Word for word, set down every line of the entries below from the line with "Digital courier platforms" to the line with "Medium Grey Wool", including both, and no other line.

**** DATA FOR THIS EXERCISE ****

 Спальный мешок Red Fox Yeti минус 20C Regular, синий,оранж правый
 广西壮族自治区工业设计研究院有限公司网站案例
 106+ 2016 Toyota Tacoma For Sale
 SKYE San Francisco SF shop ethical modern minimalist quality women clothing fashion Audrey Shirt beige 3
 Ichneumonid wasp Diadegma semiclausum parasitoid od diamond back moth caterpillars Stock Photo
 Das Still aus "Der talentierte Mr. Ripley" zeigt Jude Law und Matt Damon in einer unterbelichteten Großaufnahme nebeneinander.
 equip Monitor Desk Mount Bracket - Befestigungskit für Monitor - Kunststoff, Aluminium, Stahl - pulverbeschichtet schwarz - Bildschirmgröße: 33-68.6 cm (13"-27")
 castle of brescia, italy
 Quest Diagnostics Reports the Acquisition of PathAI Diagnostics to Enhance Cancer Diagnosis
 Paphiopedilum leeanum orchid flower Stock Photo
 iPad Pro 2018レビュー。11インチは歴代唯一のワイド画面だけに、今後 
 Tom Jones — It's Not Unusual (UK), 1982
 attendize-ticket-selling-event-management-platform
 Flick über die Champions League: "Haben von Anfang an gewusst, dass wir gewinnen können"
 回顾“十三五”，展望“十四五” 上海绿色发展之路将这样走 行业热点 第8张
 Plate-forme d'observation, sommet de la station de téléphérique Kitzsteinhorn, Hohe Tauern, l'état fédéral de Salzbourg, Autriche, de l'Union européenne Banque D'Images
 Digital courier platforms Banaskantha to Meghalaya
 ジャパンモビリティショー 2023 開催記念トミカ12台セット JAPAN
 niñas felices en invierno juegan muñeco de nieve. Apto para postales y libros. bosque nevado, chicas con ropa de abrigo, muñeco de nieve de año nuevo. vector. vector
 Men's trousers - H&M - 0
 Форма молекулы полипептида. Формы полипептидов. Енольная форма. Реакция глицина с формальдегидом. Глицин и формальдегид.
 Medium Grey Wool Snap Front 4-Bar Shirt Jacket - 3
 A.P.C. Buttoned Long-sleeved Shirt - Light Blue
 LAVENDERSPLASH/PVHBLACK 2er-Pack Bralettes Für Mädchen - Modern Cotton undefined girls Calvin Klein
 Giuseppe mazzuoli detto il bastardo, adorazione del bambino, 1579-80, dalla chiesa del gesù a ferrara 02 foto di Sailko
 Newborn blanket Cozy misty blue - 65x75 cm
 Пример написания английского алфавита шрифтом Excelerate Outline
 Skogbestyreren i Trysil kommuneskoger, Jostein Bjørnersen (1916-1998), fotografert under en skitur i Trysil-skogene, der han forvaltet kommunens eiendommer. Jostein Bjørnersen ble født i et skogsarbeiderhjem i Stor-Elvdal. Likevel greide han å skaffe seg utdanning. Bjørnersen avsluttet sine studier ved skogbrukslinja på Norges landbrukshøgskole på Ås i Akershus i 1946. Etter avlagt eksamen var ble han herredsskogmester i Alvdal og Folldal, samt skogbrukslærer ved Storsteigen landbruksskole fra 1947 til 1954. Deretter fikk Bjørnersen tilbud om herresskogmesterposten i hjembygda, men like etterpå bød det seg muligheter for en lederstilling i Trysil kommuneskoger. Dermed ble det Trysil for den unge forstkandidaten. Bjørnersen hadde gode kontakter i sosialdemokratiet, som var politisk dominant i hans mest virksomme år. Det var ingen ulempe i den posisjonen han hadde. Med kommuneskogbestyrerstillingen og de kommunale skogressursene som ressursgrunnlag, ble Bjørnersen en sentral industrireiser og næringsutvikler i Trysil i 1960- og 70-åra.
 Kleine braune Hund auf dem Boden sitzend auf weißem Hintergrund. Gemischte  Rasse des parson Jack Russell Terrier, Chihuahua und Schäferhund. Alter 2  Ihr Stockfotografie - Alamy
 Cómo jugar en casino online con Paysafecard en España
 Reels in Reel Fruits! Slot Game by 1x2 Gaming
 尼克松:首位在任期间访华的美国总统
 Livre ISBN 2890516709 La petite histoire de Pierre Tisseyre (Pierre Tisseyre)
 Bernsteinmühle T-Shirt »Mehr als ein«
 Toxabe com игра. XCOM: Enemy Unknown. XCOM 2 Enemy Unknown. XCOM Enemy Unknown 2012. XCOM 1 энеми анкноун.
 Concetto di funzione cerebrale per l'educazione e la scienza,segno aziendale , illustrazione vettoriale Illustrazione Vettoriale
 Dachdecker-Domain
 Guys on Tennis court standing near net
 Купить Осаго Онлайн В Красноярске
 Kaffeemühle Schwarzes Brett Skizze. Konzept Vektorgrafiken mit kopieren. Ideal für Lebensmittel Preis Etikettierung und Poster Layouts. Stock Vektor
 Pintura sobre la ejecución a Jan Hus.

****

» EXPECTED OUTPUT:
 Digital courier platforms Banaskantha to Meghalaya
 ジャパンモビリティショー 2023 開催記念トミカ12台セット JAPAN
 niñas felices en invierno juegan muñeco de nieve. Apto para postales y libros. bosque nevado, chicas con ropa de abrigo, muñeco de nieve de año nuevo. vector. vector
 Men's trousers - H&M - 0
 Форма молекулы полипептида. Формы полипептидов. Енольная форма. Реакция глицина с формальдегидом. Глицин и формальдегид.
 Medium Grey Wool Snap Front 4-Bar Shirt Jacket - 3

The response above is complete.